Jan Fjærestad (born 28 February 1954) is a retired Norwegian orienteering competitor and athlete. He is Relay World Champion from 1978 as a member of the Norwegian winning team, as well as having a silver medal from 1976, and bronze medal from 1974. He also obtained silver in the 1974 Individual World Championships.
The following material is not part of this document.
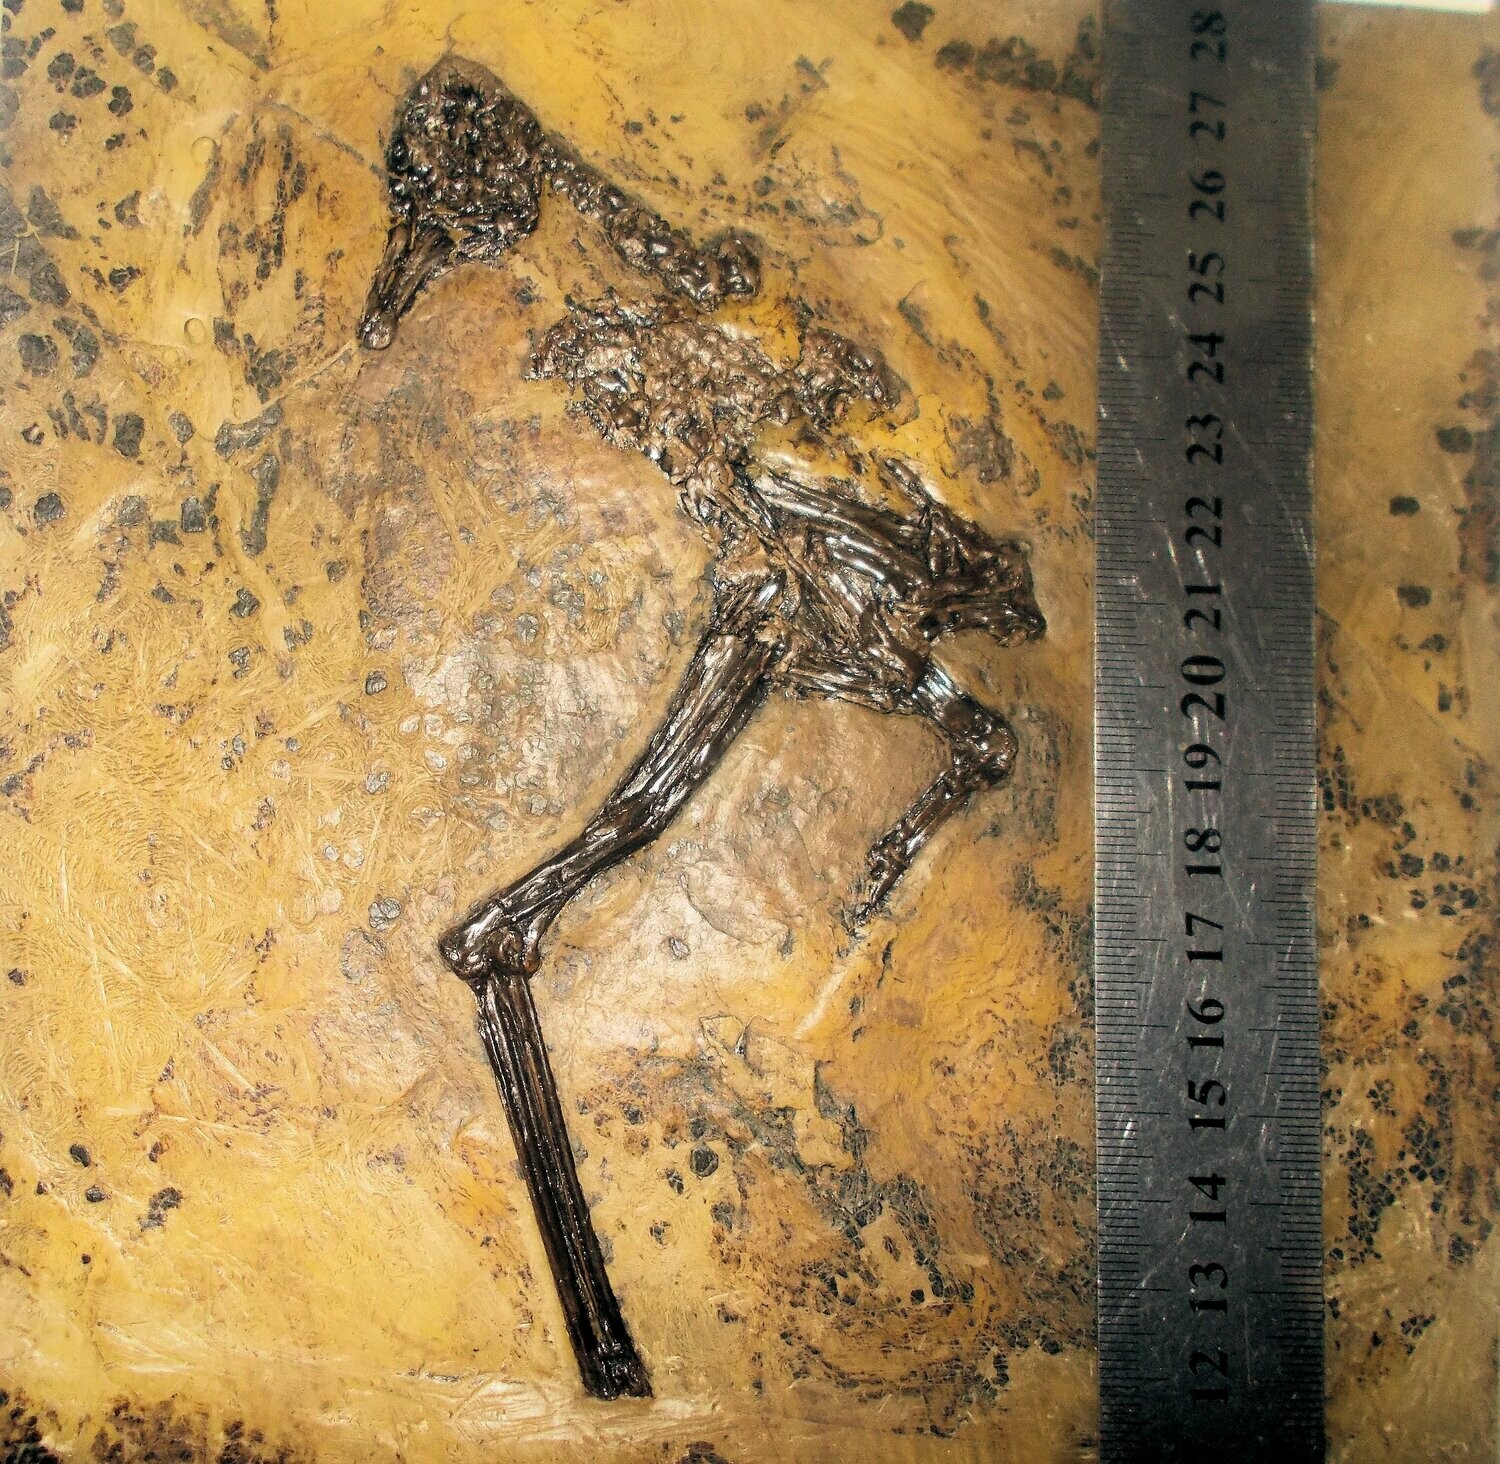 Fine and rare 16cm near-complete bird: Messelornis cristata with complete skull and mandibles, vertebrae hind-limb bones and wing bones in fine detail.

He is also a marathon runner, winner of the Nordic Championship in 1977, and three times national marathon champion. He also has medals at the Norwegian championships in 5000 metres, 10,000 metres and half marathon. He represented the club Fana IL. Internationally he competed at the 1978 European Championships, the 1983 World Cross Country Championships and the 1983 World Championships, but without any success.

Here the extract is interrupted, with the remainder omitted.